Detection of DNA-protein interactions using electrophoretic mobility shift/supershift assays in vitro of consensus GATA binding sequences in the 5'promoter of ETO and nuclear extracts from HEL/MEG-01/G1E cells. Sequences for oligonucleotide probes of core consensus and mutated GATA -651, GATA -636 and GATA-619 sites are shown.

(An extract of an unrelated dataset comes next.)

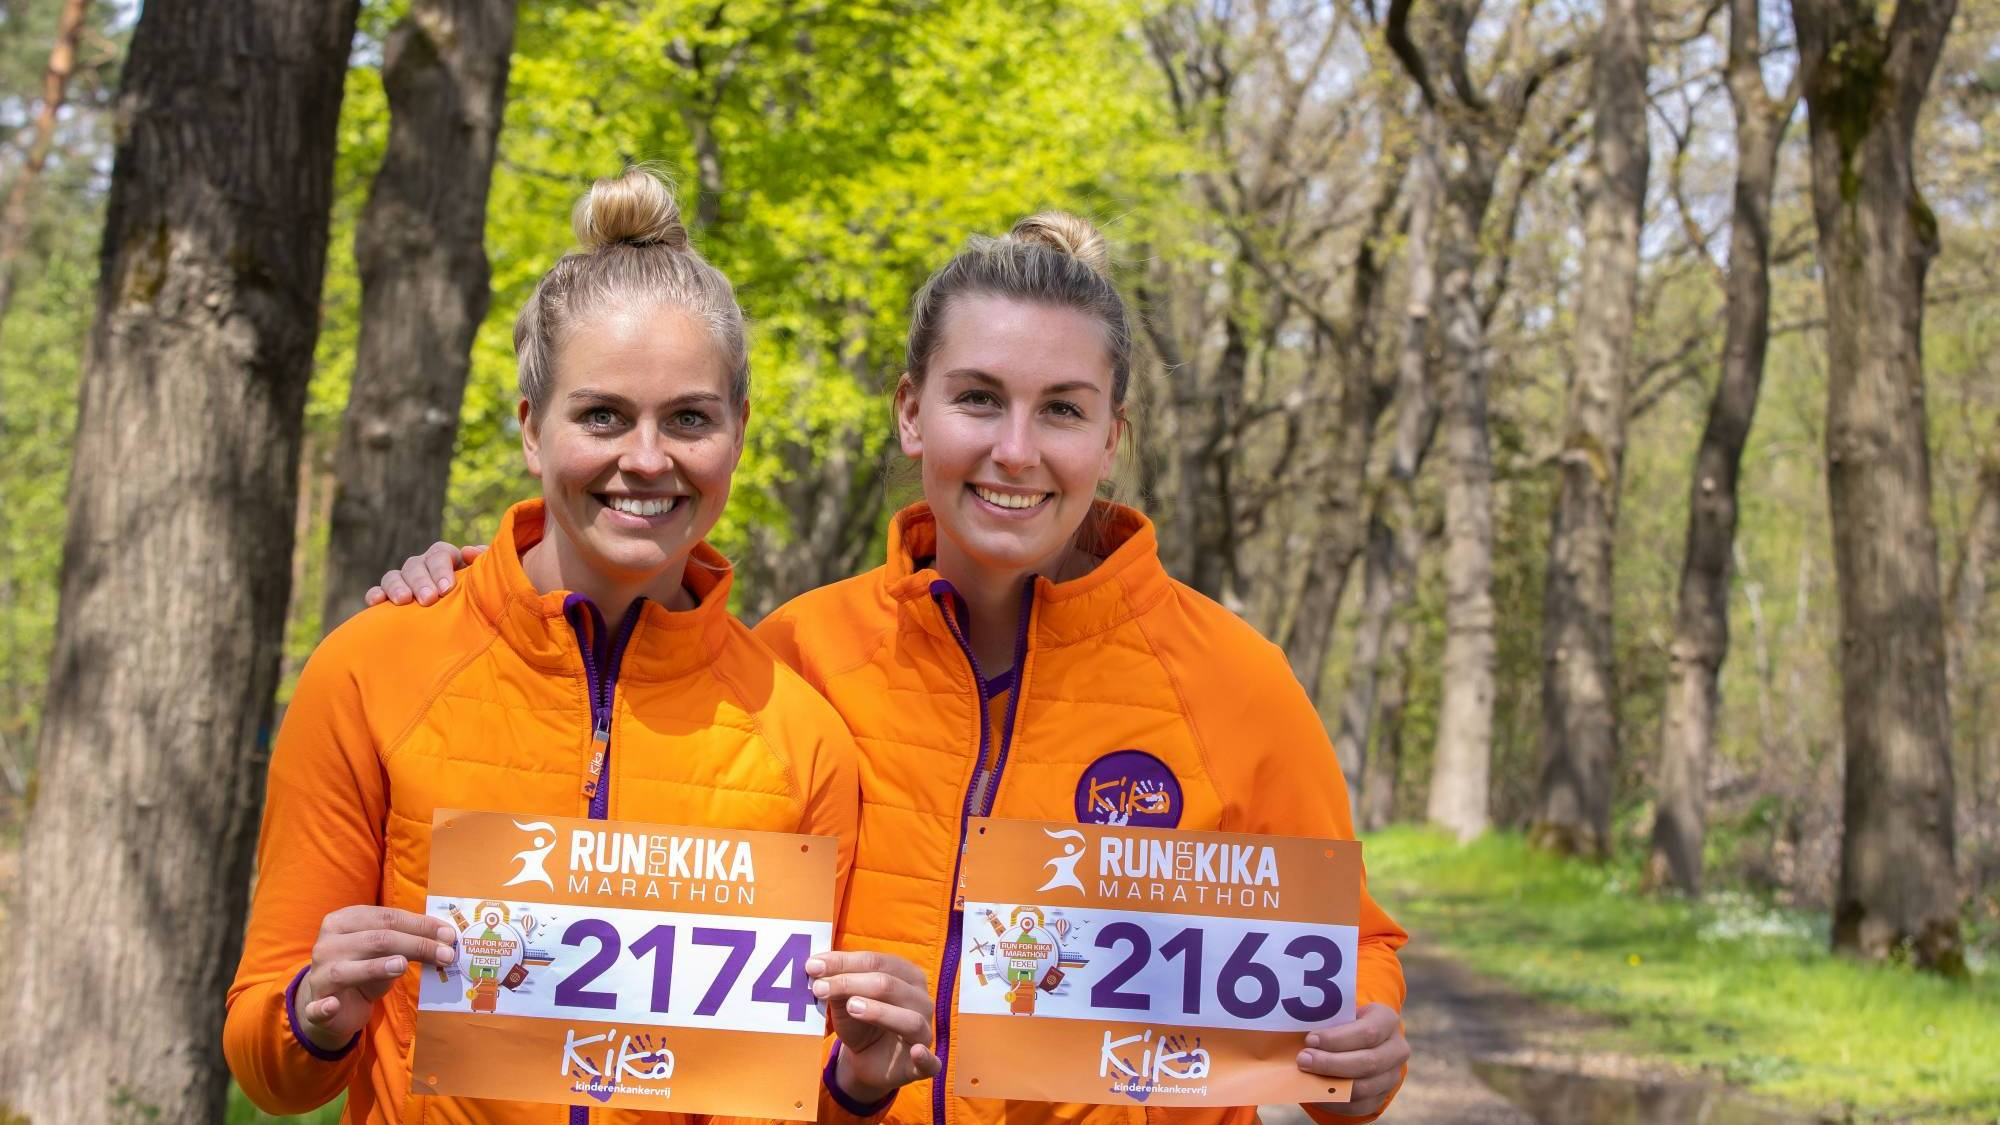 Deelnemers met startbewijs voor Run for KiKa Marathon Veluwe.

Arrows marked shift demonstrate primary DNA-nuclear protein interactions; arrows marked supershift demonstrate DNA-nuclear protein-antibody interactions. Results for HEL cells (A-C) are to the left, results for MEG-01 cells (D-F) to the right and results for the G1E (G) is at bottom. For the GATA -636 probe a shift is shown in HEL cells (A2) that is competed for by excess unlabelled probe (competitor) (A3-A5) indicating binding of nuclear extract protein to the biotinylated probe that contains the GATA -636 sequence. In support of this no binding was observed to a probe that contains a mutated GATA -636 sequence (A9). Proteins bound to the GATA -636 probe were "super-shifted" by antibody to GATA-1 (A7) but not with antibody to GATA-2 (A6) indicating specificity of the DNA-protein interaction. Similar results are shown for the GATA -636 probe in MEG-01 cells (D). For GATA -619 and -651 probes a shift is shown (B, C, E, F; lane 2) that is competed for by excess unlabeled probe (competitor) indicating binding of nuclear extract protein to the biotinylated probe that contains GATA -619 or -651 sequences. A supershift is shown with antibody to GATA-1 (B, C, E, F; lane 4) but not with anti-GATA-2 (B, C, E, F; lane 5). To try to distinguish between the binding of GATA-1 and GATA-2 to the ETO promoter EMSA was performed with nuclear extract of G1E cells, which lack GATA-1. MEG-01 nuclear extract was used as positive control (G2). No binding of GATA-2 protein to the consensus ETO promoter was observed (G3) suggesting lack of GATA-2 interaction. These experiments were repeated twice.